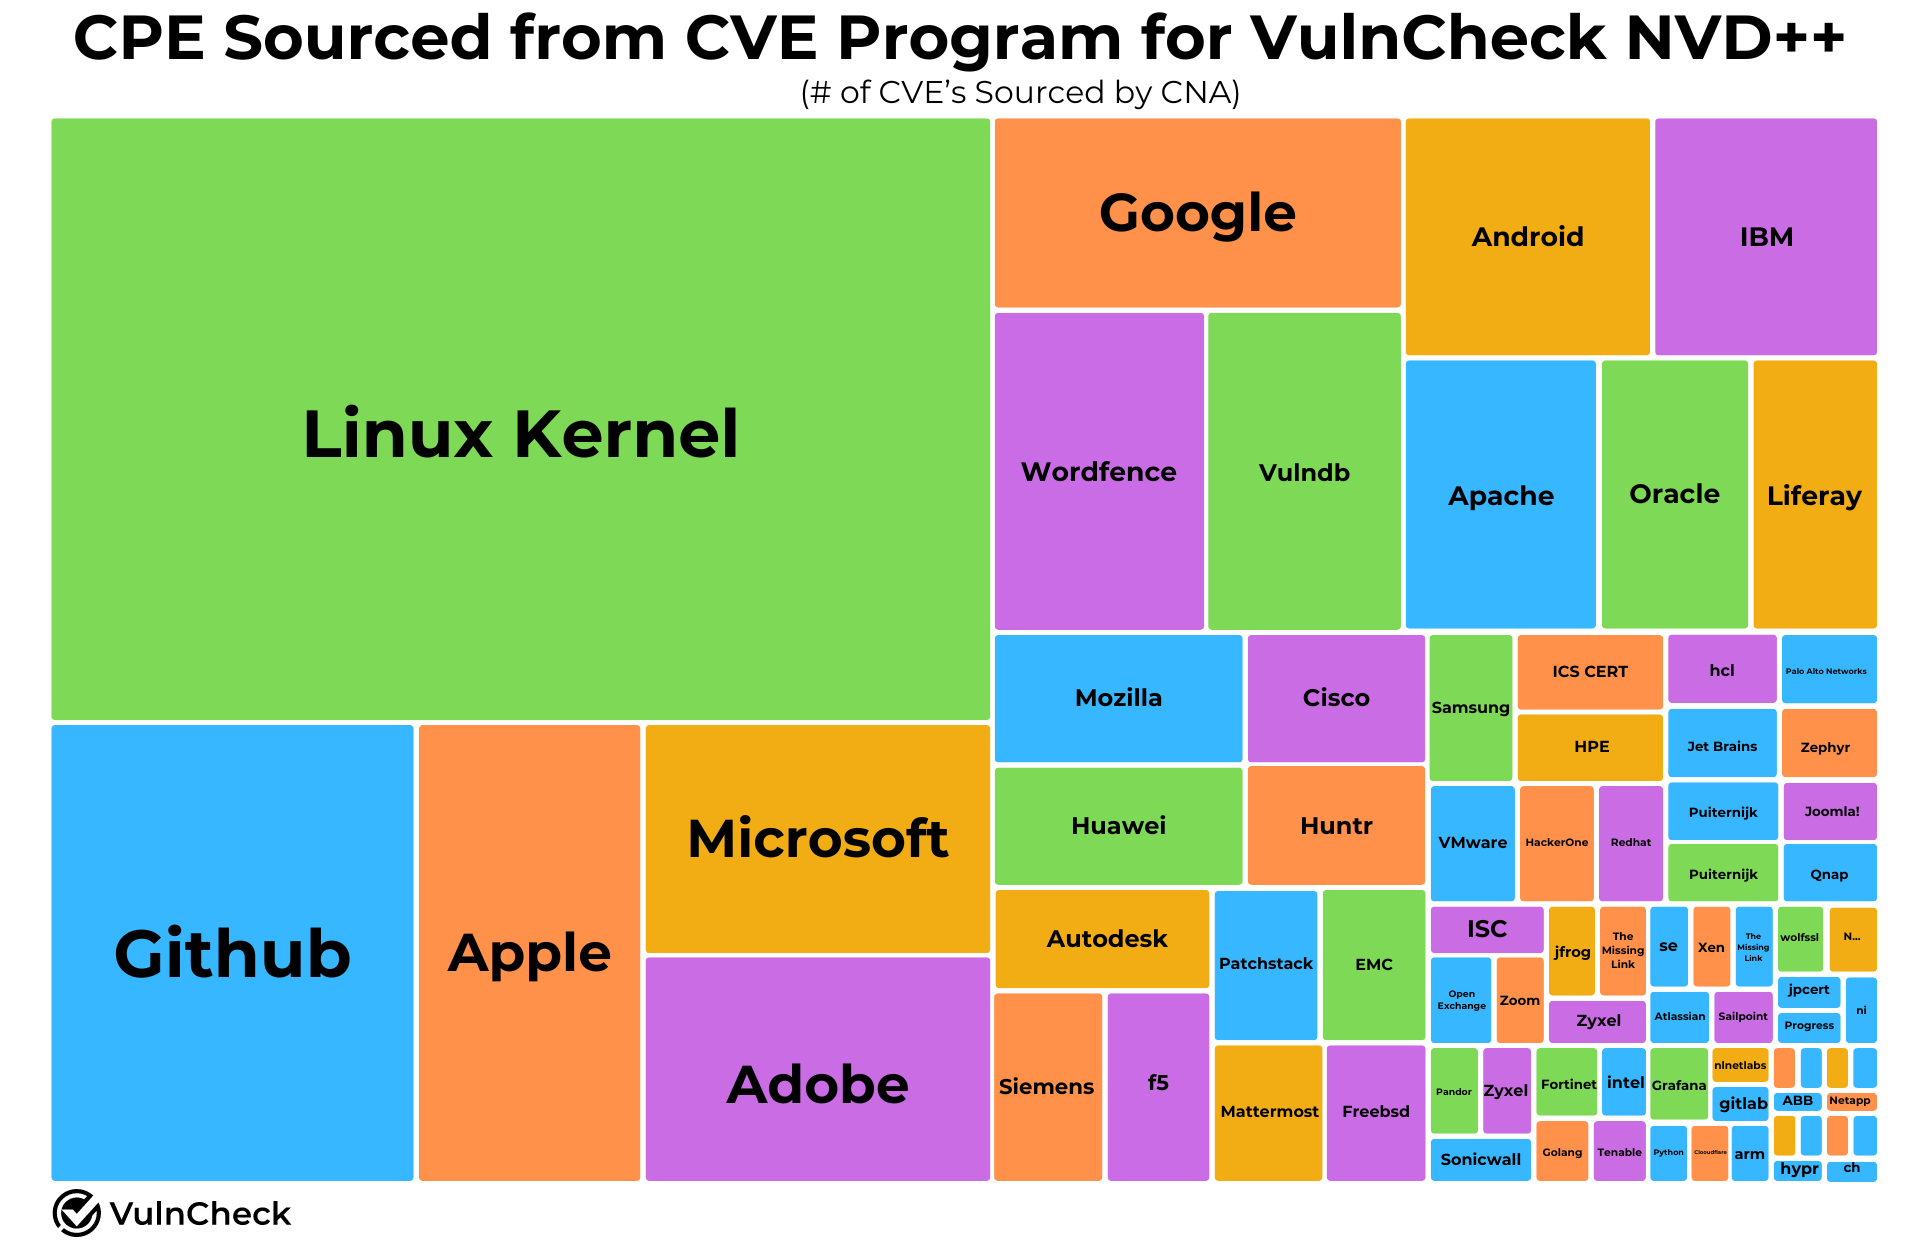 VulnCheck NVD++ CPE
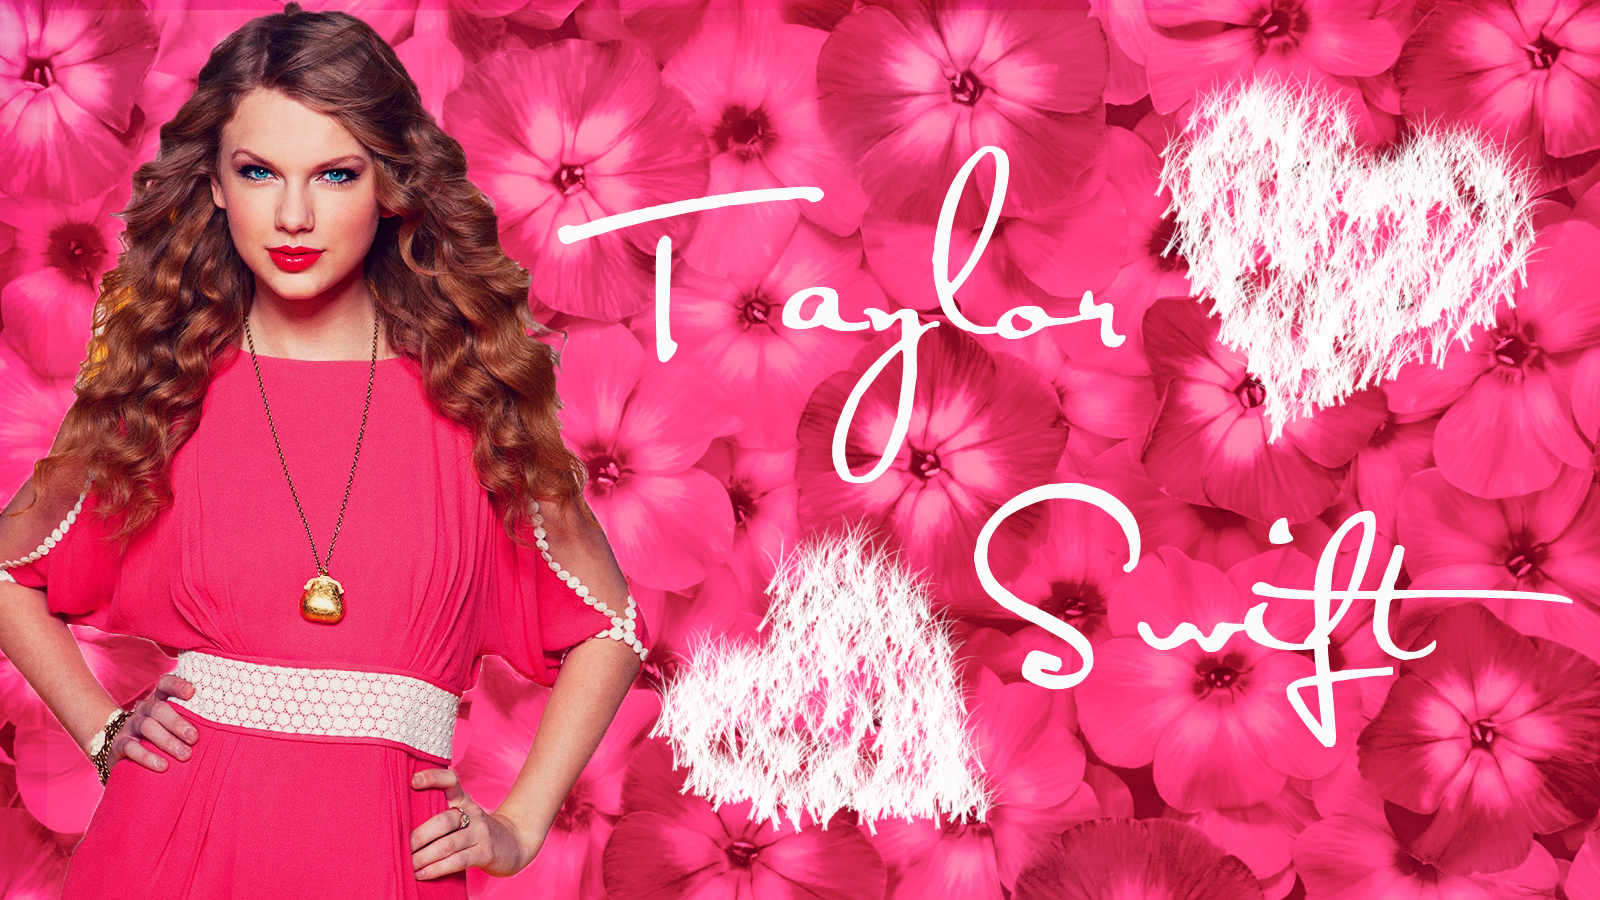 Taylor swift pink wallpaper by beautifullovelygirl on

* * *

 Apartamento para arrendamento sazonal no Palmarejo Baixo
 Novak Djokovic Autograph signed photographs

### Assignment
Take the entries above and copy exactly the lines starting at the one with "VulnCheck NVD++ CPE" and ending at the one with "Taylor swift pink"; nothing outside that span, and no pictures.

### Completed exercise
 VulnCheck NVD++ CPE
 Taylor swift pink wallpaper by beautifullovelygirl on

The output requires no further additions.